MATERIAL PROVIDED:
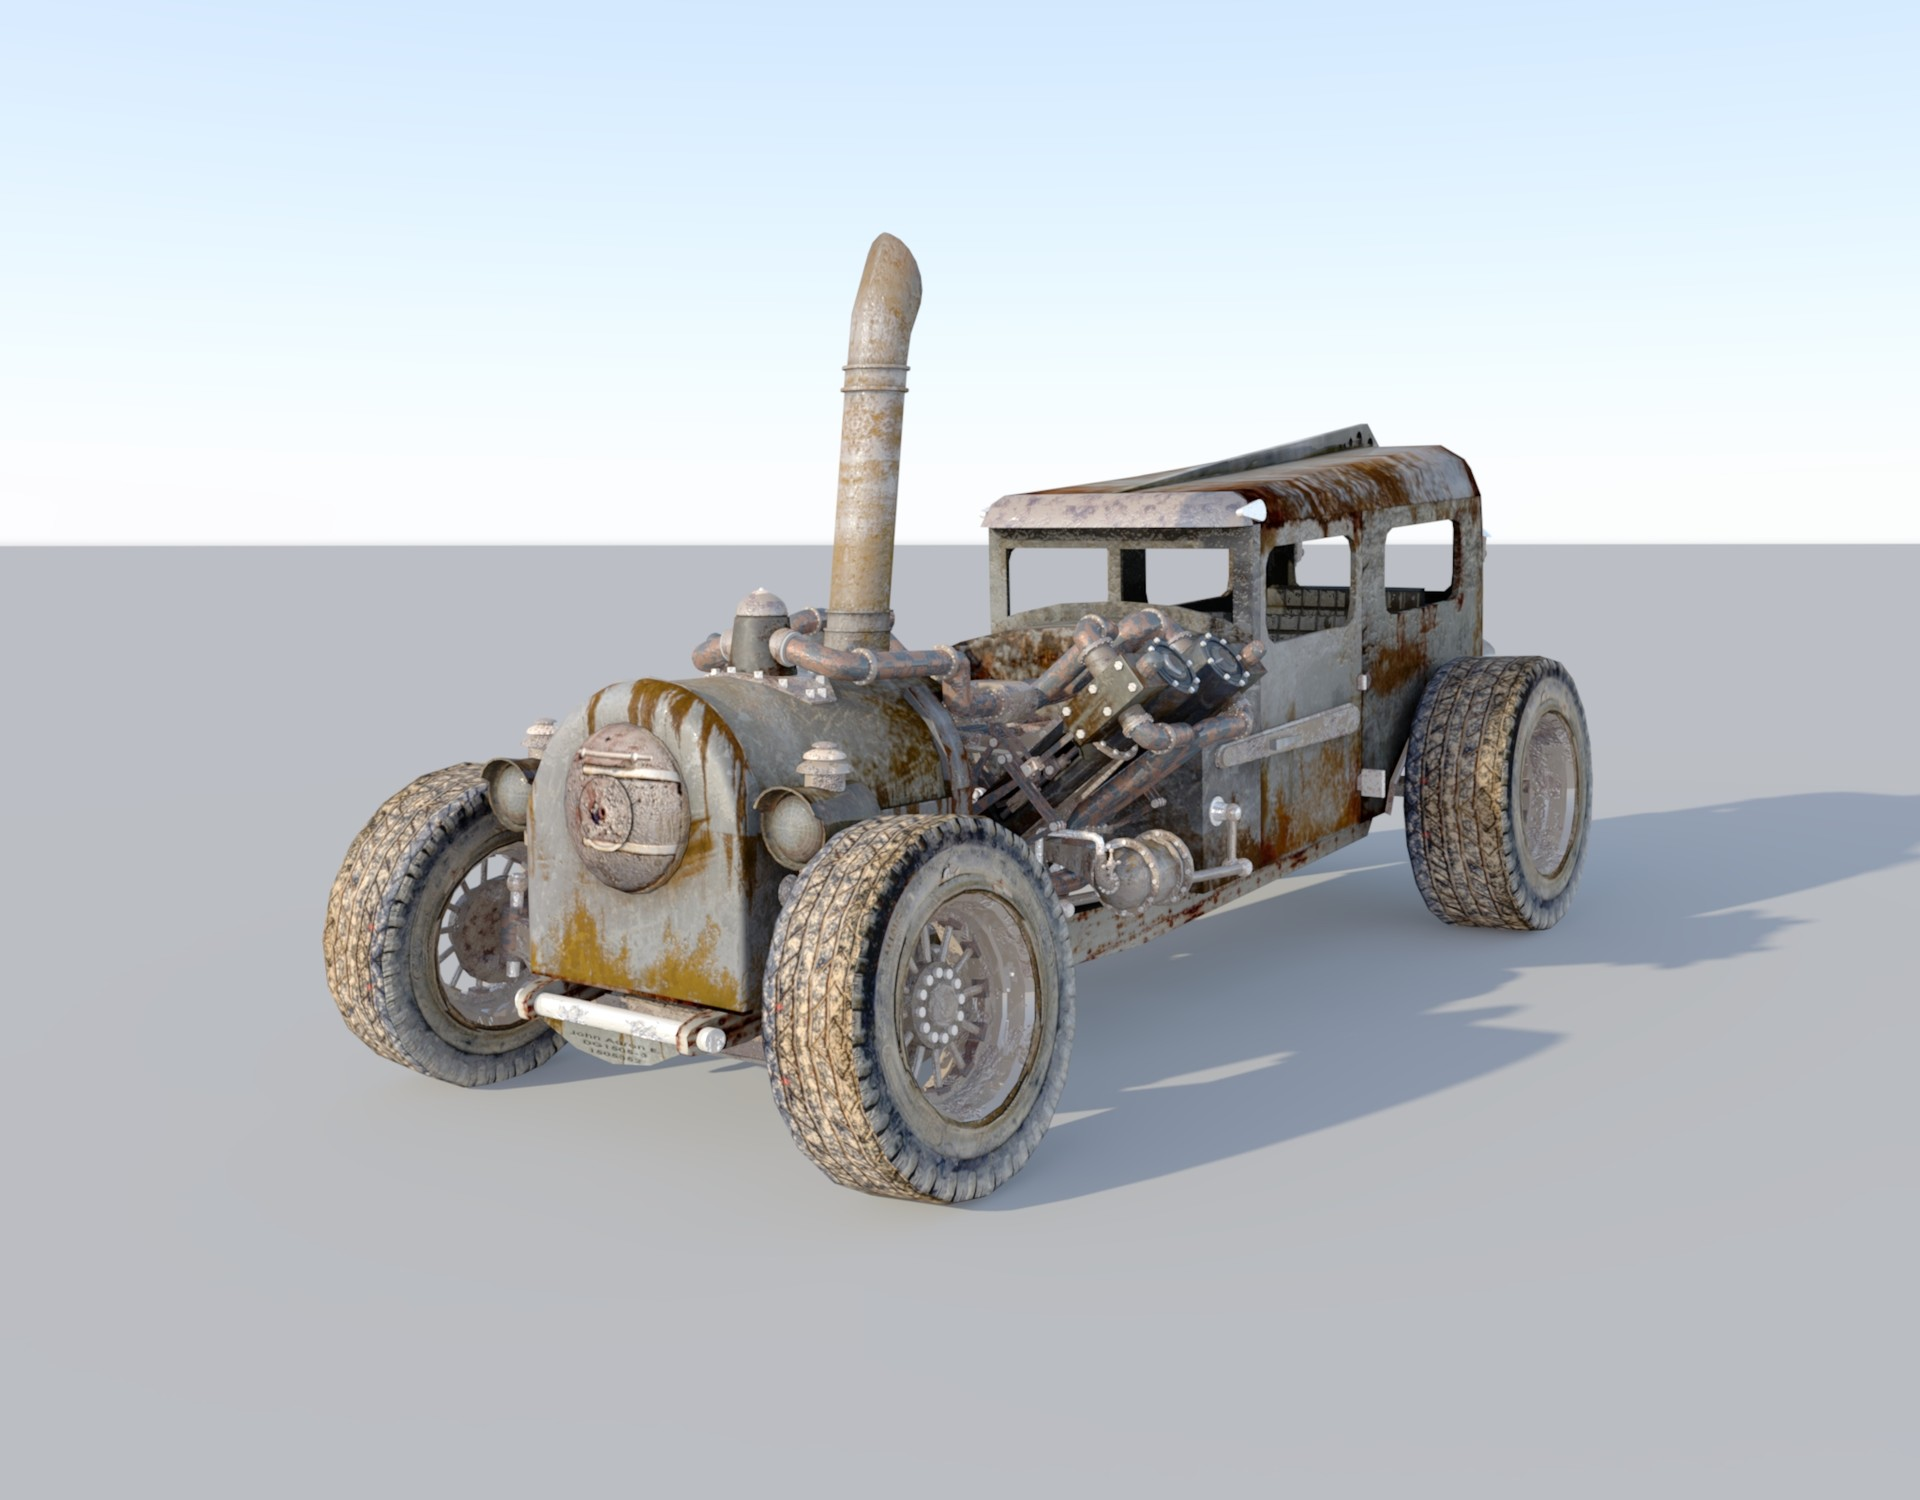 Artstation Steampunk Vehicle ȉ¯æœ— ǧ€å¾³
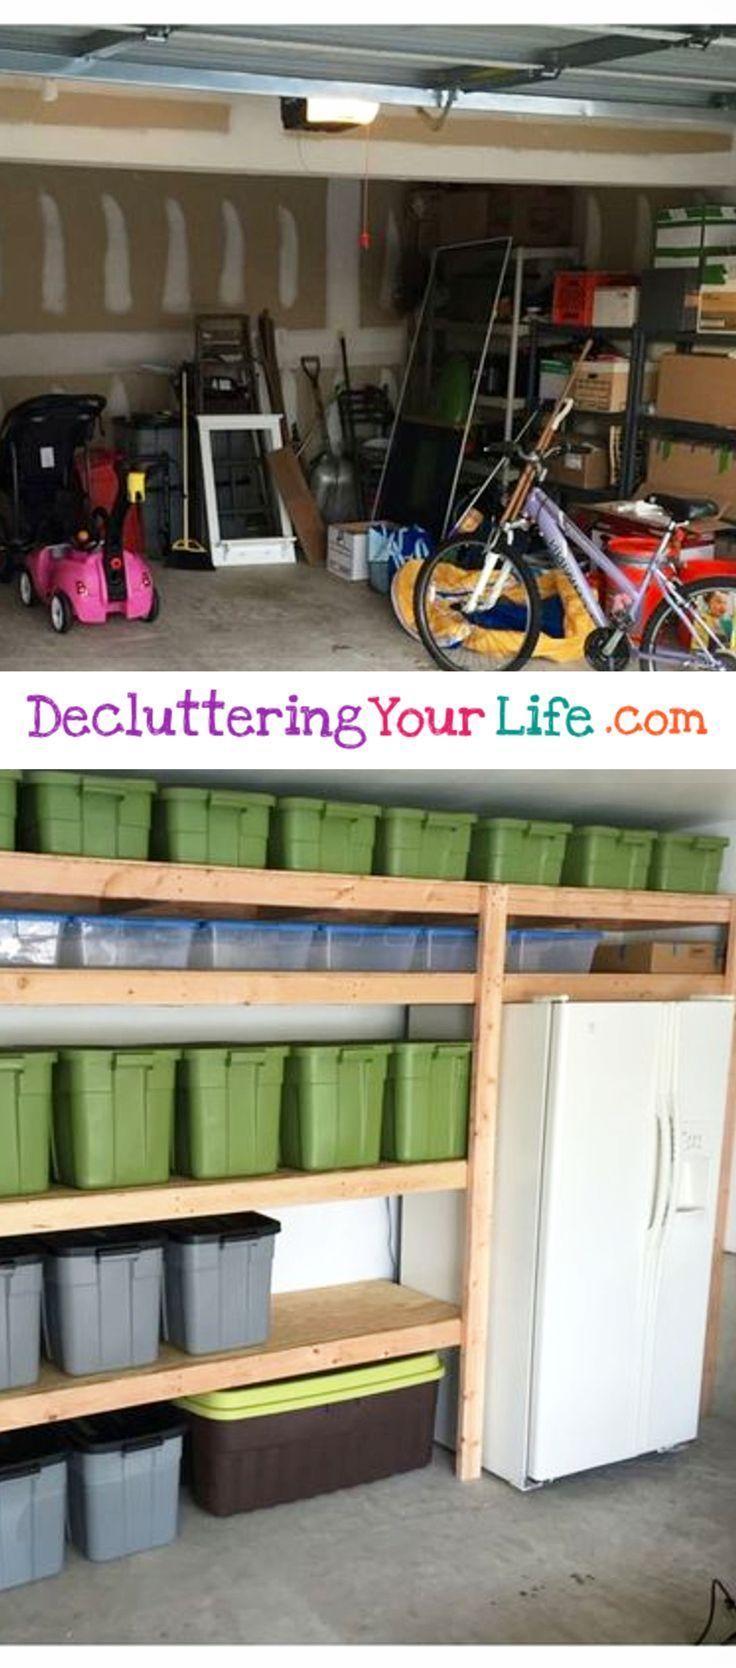 Organizing clutter in the garage - DIY garage organization ideas #organizingclutter
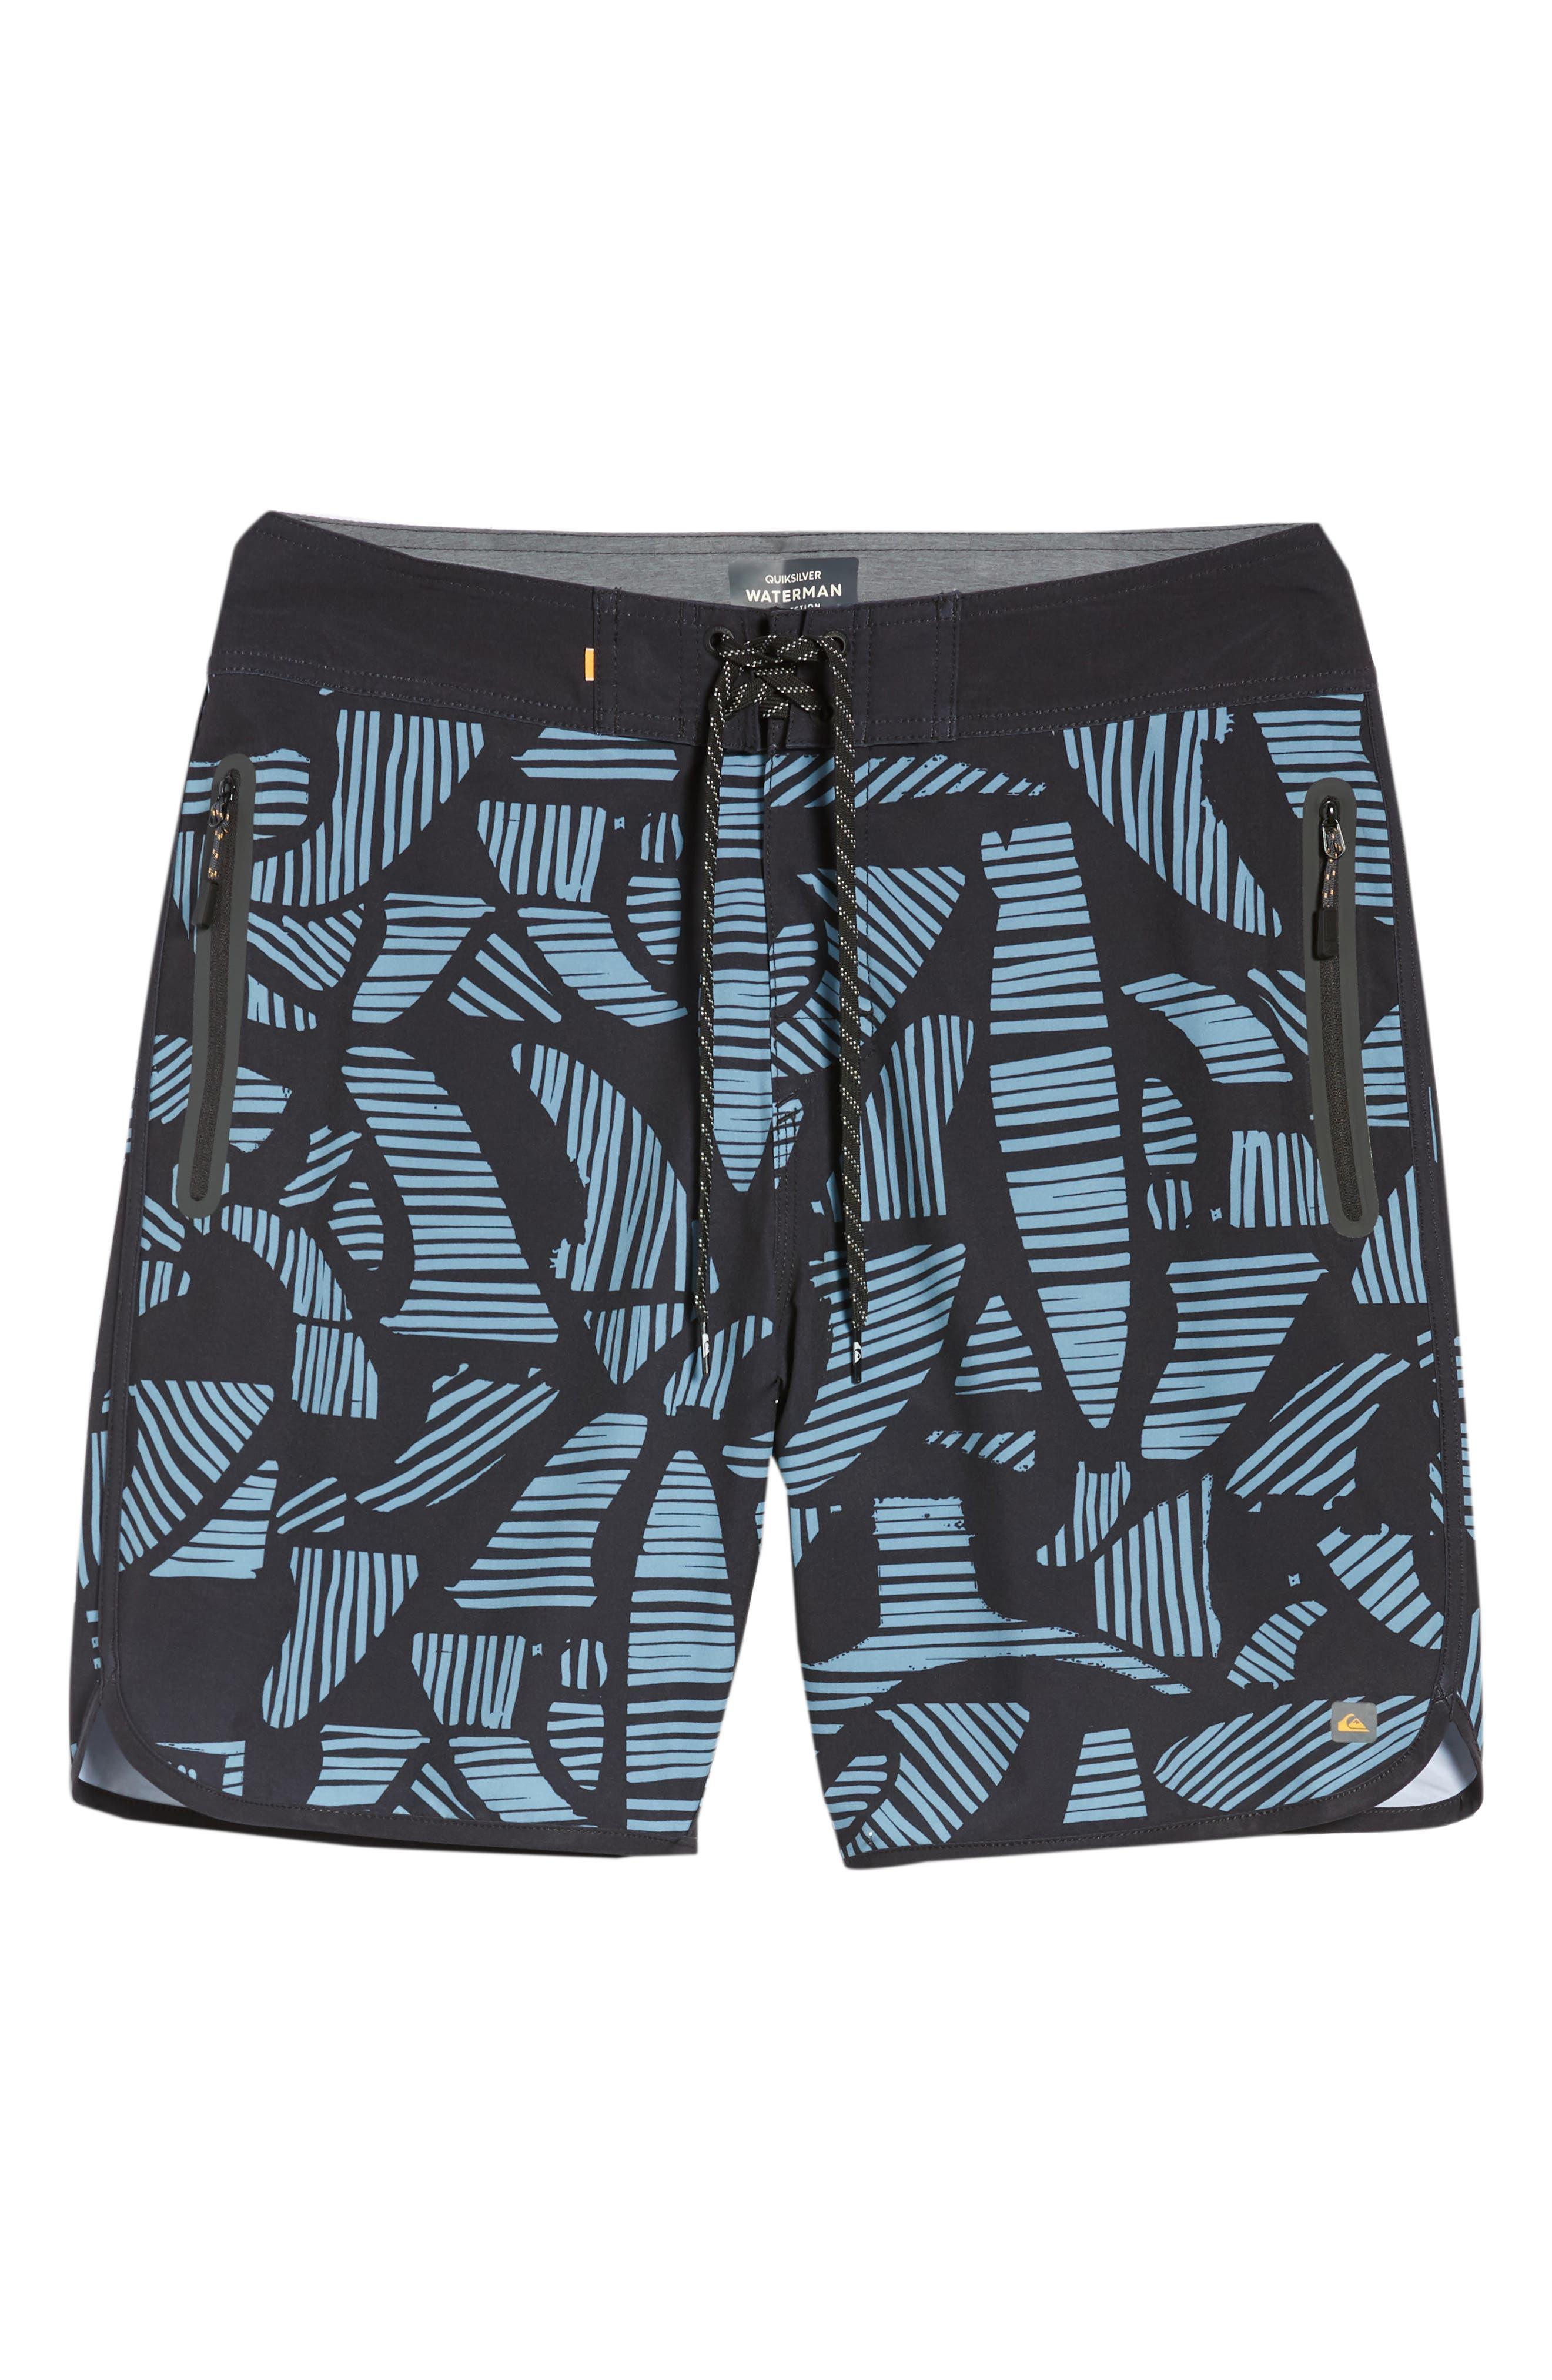 Odysea Board Shorts,                             Alternate thumbnail 6, color,                             002

WORK ITEM:
With the pictures left out, output exactly the lines that begin at the line containing "Organizing clutter in" and end at the last line of the material.

WRITTEN SOLUTION:
 Organizing clutter in the garage - DIY garage organization ideas #organizingclutter
 Odysea Board Shorts,                             Alternate thumbnail 6, color,                             002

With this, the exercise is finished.